(Data records)

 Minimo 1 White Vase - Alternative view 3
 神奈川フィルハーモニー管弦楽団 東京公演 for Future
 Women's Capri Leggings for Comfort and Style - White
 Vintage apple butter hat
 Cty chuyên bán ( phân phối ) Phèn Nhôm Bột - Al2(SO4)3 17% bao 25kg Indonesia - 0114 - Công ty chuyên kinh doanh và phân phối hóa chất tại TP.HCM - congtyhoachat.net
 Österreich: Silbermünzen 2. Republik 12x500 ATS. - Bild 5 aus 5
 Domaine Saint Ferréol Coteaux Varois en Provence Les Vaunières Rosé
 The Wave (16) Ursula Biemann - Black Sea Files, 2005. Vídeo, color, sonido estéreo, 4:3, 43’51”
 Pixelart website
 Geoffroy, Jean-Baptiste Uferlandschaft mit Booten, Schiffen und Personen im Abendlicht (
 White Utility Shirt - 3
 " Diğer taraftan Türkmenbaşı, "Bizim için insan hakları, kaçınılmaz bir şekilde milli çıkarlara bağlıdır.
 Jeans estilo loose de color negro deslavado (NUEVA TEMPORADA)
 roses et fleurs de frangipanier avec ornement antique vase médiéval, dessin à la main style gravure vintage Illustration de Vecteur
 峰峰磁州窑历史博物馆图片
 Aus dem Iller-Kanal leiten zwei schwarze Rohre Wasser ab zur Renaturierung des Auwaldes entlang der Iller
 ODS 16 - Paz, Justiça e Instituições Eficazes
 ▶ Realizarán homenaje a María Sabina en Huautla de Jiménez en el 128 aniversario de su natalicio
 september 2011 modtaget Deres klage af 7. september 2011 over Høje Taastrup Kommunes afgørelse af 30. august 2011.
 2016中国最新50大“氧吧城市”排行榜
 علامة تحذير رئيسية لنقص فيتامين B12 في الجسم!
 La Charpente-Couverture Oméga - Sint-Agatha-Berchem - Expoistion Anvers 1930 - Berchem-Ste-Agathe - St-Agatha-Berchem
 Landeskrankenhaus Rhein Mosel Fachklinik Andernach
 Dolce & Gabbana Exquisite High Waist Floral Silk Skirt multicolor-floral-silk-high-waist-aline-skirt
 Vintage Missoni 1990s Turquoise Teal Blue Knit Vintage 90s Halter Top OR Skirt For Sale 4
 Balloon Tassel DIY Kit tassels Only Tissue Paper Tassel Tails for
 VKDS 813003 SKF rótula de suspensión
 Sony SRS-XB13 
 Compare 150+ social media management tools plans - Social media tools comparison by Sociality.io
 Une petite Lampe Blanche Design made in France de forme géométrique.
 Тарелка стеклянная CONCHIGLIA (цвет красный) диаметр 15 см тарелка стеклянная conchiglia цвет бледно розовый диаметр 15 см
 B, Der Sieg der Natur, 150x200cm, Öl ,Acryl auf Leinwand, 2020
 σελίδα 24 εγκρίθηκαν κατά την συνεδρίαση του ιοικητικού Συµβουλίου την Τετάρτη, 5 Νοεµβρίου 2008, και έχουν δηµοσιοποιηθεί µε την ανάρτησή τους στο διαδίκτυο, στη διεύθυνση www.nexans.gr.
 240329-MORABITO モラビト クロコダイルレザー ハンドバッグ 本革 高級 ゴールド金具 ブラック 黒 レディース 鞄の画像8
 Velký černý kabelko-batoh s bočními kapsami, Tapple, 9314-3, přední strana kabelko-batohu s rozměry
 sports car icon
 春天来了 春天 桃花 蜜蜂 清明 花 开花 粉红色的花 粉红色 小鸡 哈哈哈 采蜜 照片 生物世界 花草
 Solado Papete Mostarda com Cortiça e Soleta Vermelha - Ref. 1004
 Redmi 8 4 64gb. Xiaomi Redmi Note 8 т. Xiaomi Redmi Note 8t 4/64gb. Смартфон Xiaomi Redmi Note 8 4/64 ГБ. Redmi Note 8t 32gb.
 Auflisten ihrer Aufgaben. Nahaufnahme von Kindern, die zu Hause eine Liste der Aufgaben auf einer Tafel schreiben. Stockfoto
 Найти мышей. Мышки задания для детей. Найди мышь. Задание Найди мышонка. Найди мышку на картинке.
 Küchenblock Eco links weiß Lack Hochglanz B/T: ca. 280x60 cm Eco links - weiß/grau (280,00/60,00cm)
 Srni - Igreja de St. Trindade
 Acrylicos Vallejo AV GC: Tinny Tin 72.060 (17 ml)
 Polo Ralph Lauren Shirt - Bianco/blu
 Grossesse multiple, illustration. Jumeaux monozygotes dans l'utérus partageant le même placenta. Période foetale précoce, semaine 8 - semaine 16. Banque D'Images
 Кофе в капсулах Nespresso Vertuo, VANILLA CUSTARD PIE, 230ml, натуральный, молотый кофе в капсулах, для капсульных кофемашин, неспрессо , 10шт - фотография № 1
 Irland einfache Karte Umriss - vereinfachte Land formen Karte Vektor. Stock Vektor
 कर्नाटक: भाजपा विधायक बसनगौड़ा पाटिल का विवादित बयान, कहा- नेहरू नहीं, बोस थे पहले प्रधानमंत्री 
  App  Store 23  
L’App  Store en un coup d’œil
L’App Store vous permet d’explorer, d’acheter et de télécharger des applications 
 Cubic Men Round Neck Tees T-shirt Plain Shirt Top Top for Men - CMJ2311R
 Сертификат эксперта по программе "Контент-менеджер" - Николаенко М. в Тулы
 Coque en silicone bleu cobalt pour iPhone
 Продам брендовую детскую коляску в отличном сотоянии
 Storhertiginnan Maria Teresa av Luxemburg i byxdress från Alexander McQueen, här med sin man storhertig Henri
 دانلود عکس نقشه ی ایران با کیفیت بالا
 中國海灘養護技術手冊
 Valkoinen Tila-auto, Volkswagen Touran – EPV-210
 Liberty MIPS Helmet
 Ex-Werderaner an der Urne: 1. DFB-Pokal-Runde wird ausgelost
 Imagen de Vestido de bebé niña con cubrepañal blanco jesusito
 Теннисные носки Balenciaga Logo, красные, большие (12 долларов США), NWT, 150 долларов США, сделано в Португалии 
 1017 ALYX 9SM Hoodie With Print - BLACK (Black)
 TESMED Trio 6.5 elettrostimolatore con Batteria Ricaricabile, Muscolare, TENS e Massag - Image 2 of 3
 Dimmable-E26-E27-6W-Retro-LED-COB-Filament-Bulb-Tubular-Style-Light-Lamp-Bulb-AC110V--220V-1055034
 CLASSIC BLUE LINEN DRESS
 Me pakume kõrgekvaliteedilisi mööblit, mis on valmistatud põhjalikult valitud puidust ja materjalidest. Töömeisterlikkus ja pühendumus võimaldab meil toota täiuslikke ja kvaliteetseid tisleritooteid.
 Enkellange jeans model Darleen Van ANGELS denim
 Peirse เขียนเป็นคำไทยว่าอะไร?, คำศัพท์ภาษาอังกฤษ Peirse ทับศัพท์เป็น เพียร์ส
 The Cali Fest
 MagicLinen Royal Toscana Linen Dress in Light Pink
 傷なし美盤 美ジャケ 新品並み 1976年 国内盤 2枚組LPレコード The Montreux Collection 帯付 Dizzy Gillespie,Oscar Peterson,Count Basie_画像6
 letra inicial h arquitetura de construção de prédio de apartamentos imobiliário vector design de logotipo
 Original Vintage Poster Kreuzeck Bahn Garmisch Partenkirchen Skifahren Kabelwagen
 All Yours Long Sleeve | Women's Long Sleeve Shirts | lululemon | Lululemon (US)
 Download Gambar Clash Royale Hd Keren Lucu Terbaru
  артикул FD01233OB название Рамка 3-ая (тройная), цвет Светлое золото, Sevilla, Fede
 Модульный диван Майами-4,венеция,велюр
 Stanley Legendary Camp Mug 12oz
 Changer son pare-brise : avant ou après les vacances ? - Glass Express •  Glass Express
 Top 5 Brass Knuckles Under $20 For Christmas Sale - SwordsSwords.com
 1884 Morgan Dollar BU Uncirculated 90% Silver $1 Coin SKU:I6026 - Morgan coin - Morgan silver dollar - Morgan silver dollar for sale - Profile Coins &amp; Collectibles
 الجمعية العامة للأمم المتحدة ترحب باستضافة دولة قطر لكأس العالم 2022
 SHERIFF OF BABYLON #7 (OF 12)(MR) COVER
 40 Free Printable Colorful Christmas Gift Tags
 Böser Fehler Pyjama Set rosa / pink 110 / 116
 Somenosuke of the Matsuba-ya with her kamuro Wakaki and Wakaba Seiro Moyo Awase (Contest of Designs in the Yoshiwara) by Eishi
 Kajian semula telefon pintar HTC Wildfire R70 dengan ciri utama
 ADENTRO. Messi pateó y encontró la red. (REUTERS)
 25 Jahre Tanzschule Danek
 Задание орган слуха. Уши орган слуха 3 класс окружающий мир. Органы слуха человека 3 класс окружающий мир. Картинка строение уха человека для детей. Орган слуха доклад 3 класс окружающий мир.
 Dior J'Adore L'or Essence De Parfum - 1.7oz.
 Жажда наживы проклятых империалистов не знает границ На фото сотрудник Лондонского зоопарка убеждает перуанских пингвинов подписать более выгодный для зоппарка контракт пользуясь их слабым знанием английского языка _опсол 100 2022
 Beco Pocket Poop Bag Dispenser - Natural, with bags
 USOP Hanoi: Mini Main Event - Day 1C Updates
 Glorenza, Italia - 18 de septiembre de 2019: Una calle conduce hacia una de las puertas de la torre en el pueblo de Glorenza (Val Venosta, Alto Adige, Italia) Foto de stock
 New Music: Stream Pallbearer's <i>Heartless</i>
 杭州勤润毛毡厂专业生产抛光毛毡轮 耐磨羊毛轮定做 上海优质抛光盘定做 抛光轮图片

## What you will do:
In the entries above, find the line holding "Valkoinen Tila-auto, Volkswagen" and the line holding "傷なし美盤 美ジャケ 新品並み"; print both of them and every line between, exactly, and nothing else.

## Solution for this exercise:
 Valkoinen Tila-auto, Volkswagen Touran – EPV-210
 Liberty MIPS Helmet
 Ex-Werderaner an der Urne: 1. DFB-Pokal-Runde wird ausgelost
 Imagen de Vestido de bebé niña con cubrepañal blanco jesusito
 Теннисные носки Balenciaga Logo, красные, большие (12 долларов США), NWT, 150 долларов США, сделано в Португалии 
 1017 ALYX 9SM Hoodie With Print - BLACK (Black)
 TESMED Trio 6.5 elettrostimolatore con Batteria Ricaricabile, Muscolare, TENS e Massag - Image 2 of 3
 Dimmable-E26-E27-6W-Retro-LED-COB-Filament-Bulb-Tubular-Style-Light-Lamp-Bulb-AC110V--220V-1055034
 CLASSIC BLUE LINEN DRESS
 Me pakume kõrgekvaliteedilisi mööblit, mis on valmistatud põhjalikult valitud puidust ja materjalidest. Töömeisterlikkus ja pühendumus võimaldab meil toota täiuslikke ja kvaliteetseid tisleritooteid.
 Enkellange jeans model Darleen Van ANGELS denim
 Peirse เขียนเป็นคำไทยว่าอะไร?, คำศัพท์ภาษาอังกฤษ Peirse ทับศัพท์เป็น เพียร์ส
 The Cali Fest
 MagicLinen Royal Toscana Linen Dress in Light Pink
 傷なし美盤 美ジャケ 新品並み 1976年 国内盤 2枚組LPレコード The Montreux Collection 帯付 Dizzy Gillespie,Oscar Peterson,Count Basie_画像6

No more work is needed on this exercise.